Fostering a startup collaboration culture
Developing a startup collaboration culture requires a concerted effort among all stakeholders and across ASEAN. Governments can coordinate to allow business-supportive programmes, such as those offered by Huawei, to help companies unite and grow together. Moreover, there should be adequate financial and other support to enable new businesses to have enough value to partner with larger organisations.
Additionally, there should be a focus on localised solutions. For example, basing products and services on local languages, cross-border regulations and laws, and coordinated payment systems across Southeast Asia will assist growth. Encouraging businesses to collaborate can generate comprehensive, integrated solutions and foster a more productive ecosystem as opposed to the toxic and competitive industries that emerge.
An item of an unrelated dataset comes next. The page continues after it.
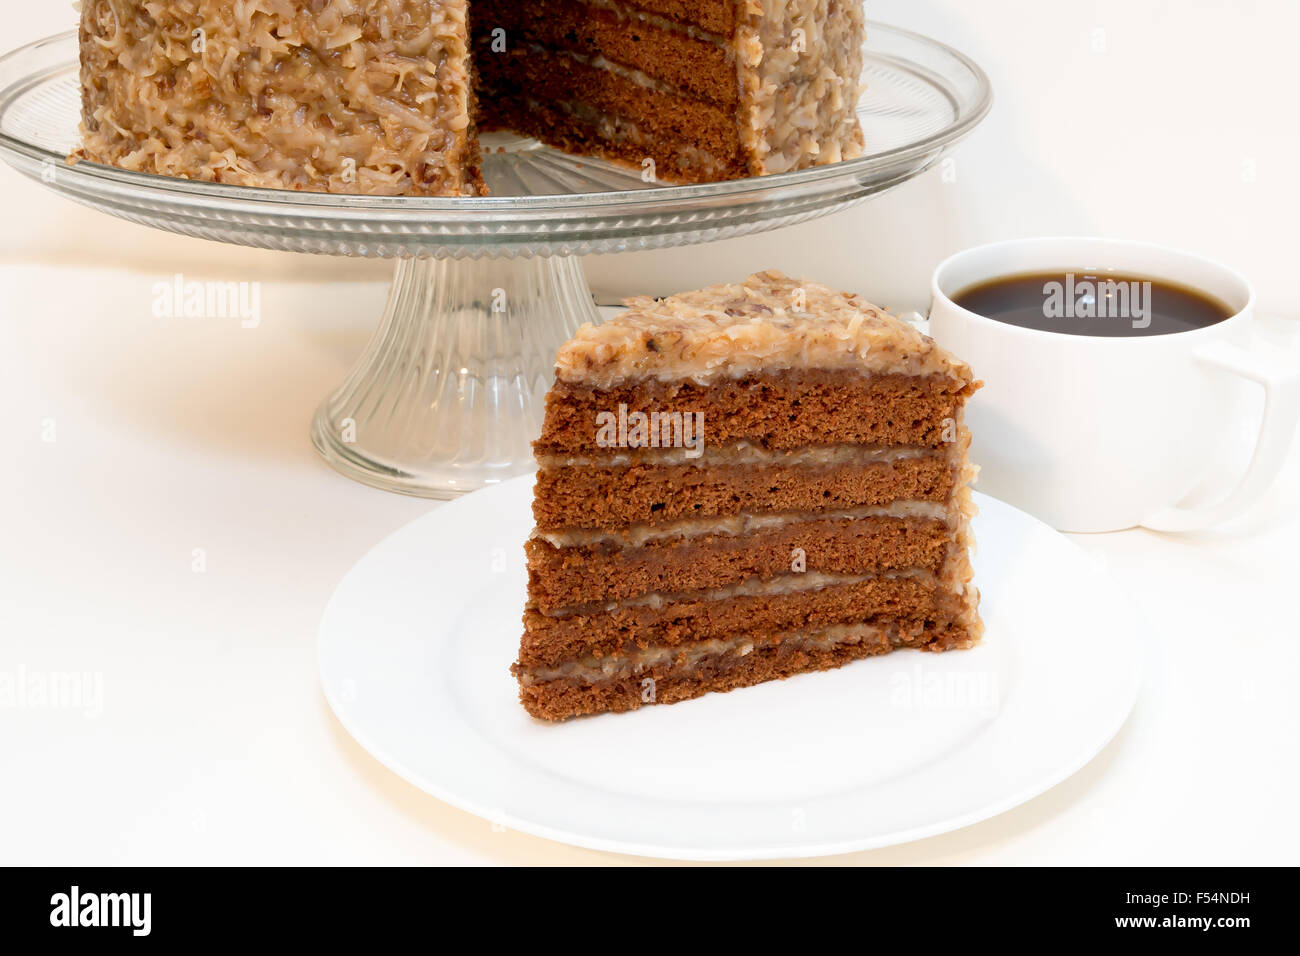 Slice of german chocolate cake removed from whole cake  with cup of coffee.  Isolated on white background. Stock Photo

Strategic alliances can ensure that each startup grows sustainably because there will not be any withholding of vital information. Furthermore, they can each share and embrace cutting-edge technologies, such as artificial intelligence (AI) and blockchain, to boost their customer experience and generate more revenue.
The advancement of payment platforms and systems will bode well for ASEAN, as companies can transact seamlessly among themselves. They can also develop integrated tech solutions to automate procedures, process transactions, and provide analytics and reports.
Businesses must be wary of losing customer trust, as any cross-industry partnerships leave them open to policies that may not align with their approaches. Companies might end up teaming up with startups that do not share their vision, for example, in protecting the environment through sustainable practices.
Ultimately, leaders have a role to play in fostering innovation through work cultures that encourage product development and well-defined ESG (environmental, social, governance) policies.